My first mirrorless camera was a Panasonic, it was a great camera, although now after having used Olympus for a long time I see lots of things I DON'T like with it - most of these are probably solved with modern versions of Panasonic cameras. I paid about 5000 SEK for it, say roughly 500 dollars. 
To me it was a good beginner camera because it's quite simple in its interface (and looks quite much like Canon, that I used before) and the lack of auto ISO forced me to play around with the exposure triangle a lot more than I probably would have otherwise.

If for some reason you would want to spend more, there are rumours about a new Olympus Pen-F coming. They are very nice cameras. I almost bought one when I upgraded from the Panasonic but my husband talked me into upgrading "bigger" to what was then the newest OM-D.

I love my Olympus but I really like the size and weight of that old Panasonic! My Olympus is slightly chubbier but it's a great camera. For something cheap I'd probably choose Panasonic. I'm only familiar with micro four thirds brands myself. Many praise Sony mirrorless cameras but I know nothing about them.


----------



## Jeff15 (Dec 5, 2020)

Panasonic do an excellent range.....


----------



## GrfxGuru (Dec 11, 2020)

I honestly don't think you can make a bad choice these days, cameras over the past few years have reached a level where the only bad image is one due to user error rather than the hardware. Mirrorless is a great choice for weight and size, the bigger question is what you think you want to do down the road and if you think you will want multiple lenses.
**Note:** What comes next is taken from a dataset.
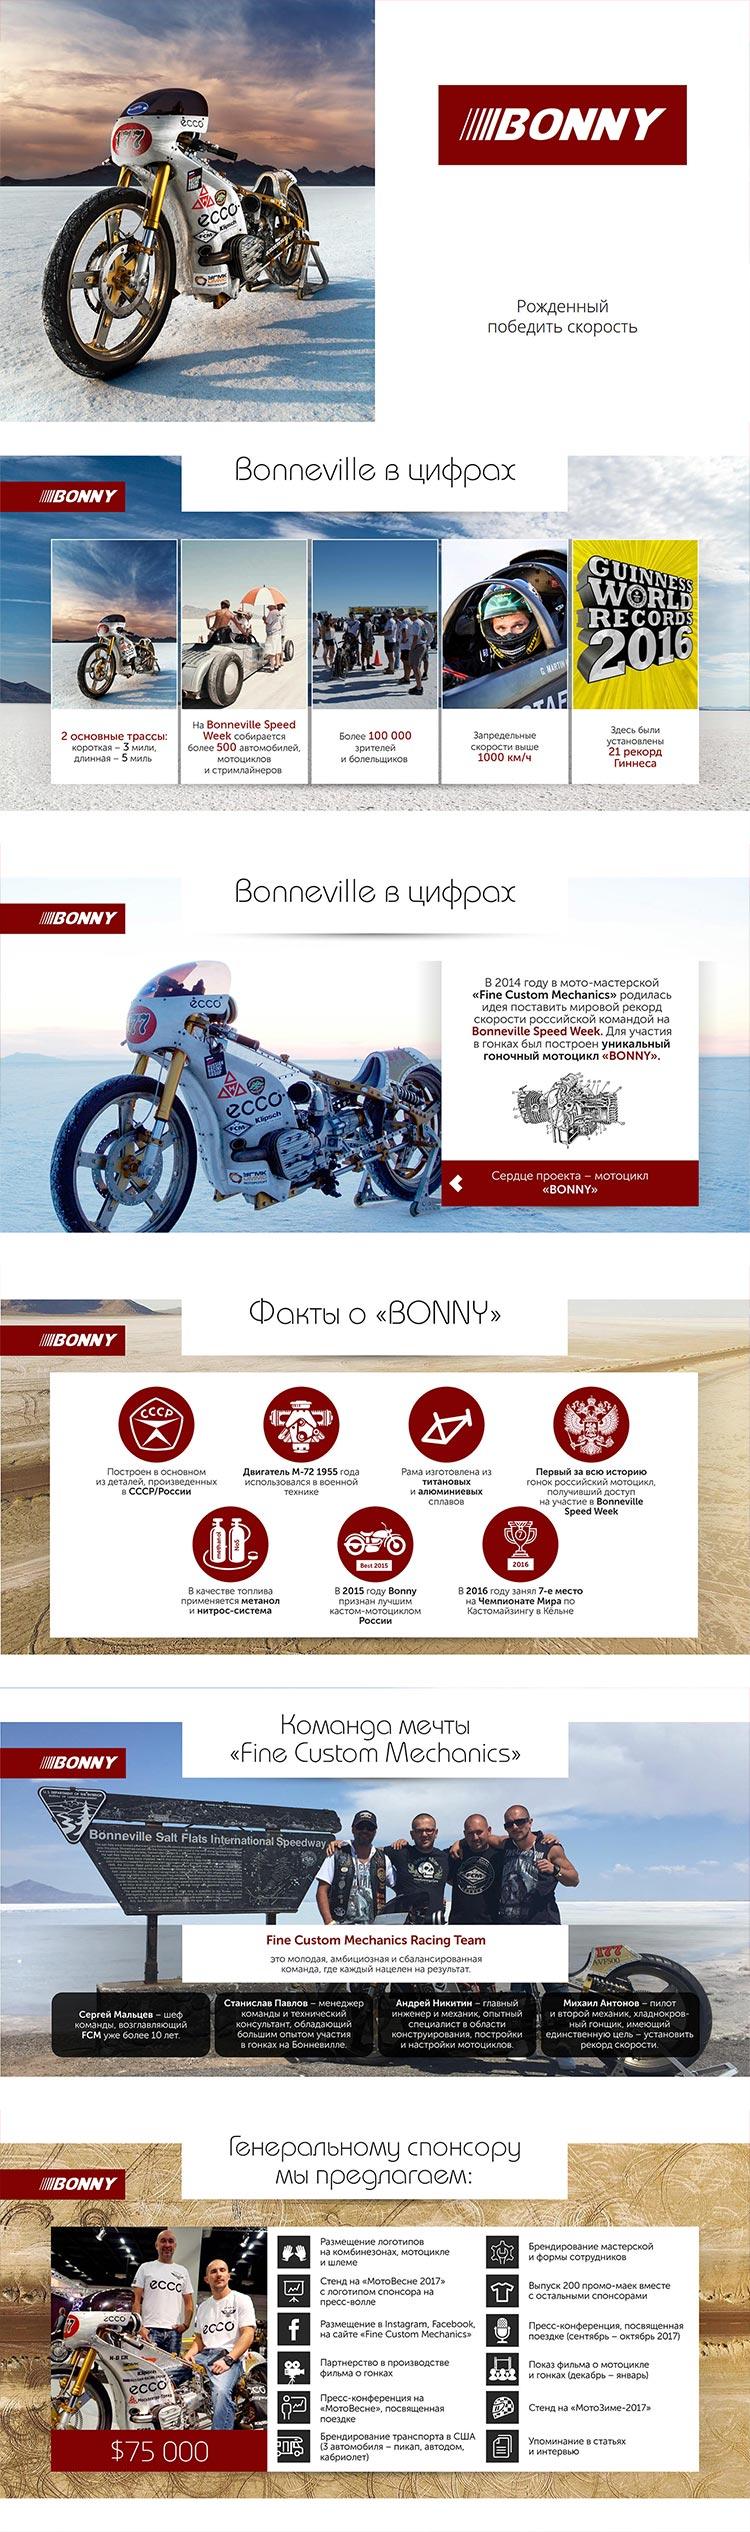 zakazat-Prezentacija-motomasterskoj-dlja-investorov-i-sponsorov

Then the discussion becomes what brand you want to buy into as often once people have a range of lenses made by a particular manufacturer then they tend to stick with that brand.

Just my thoughts.


----------



## photoflyer (Dec 11, 2020)

GrfxGuru said:


> Then the discussion becomes what brand you want to buy into as often once people have a range of lenses made by a particular manufacturer then they tend to stick with that brand.



Maybe turn the question around.  What lenses will I use? Then buy the camera that works with them.


----------



## bizmich (Jan 2, 2021)

I use Canon 6D  and I'm beginner and can recommended it


----------



## greybeard (Jan 5, 2021)

When someone makes a specific request with a price and type of camera, I do my best to answer.  I had for several years a Sony A6000 with 16-50.  that I used as my travel rig.  They are small but accept Sony E mount lenses.  They have a 24mp sensor and all in all, it did a pretty good job.  I sold it to get my Nikon Z-50 which I do like better but it costs twice as much.  I  know you can get a used Sony A6000 from MPB with warrantee for $359.00 and a 16-50 lens for $74 so that will put you just barely over your range.  I have been both buying from and selling to MPB for the past several years and I have never had any issues.

Used Sony Alpha A6000 Compact System Camera - mpb.com
Used Sony 16-50mm PZ f/3.5-5.6 OSS lens - mpb.com


----------



## mjcmt (Jan 5, 2021)

Very fine camera and very fine retailer.

Graphite
Panasonic Lumix DMC-G7 Mirrorless Micro Four Thirds Digital Camera with 14-42mm Lens and Accessory Kit (Silver)

Black
Panasonic Lumix DMC-G7 Mirrorless Micro Four Thirds Digital Camera with 14-42mm Lens (Black)

Review
Panasonic Lumix DMC-G7 Review


----------



## Dave Maciak (Jan 17, 2021)

photoflyer said:


> Does it really have to be mirrorless?  For $450 you could pick up a 50mm 1.8 @ $125  new and a full frame  Canon 6D used with the balance.  I like mirrorless but you will likely stretch your investment further with the older tried and true technology until mirrorless prices come down.


Good advice!  Might consider Nikon D3500 kit---buy used it's so much more price friendly.


----------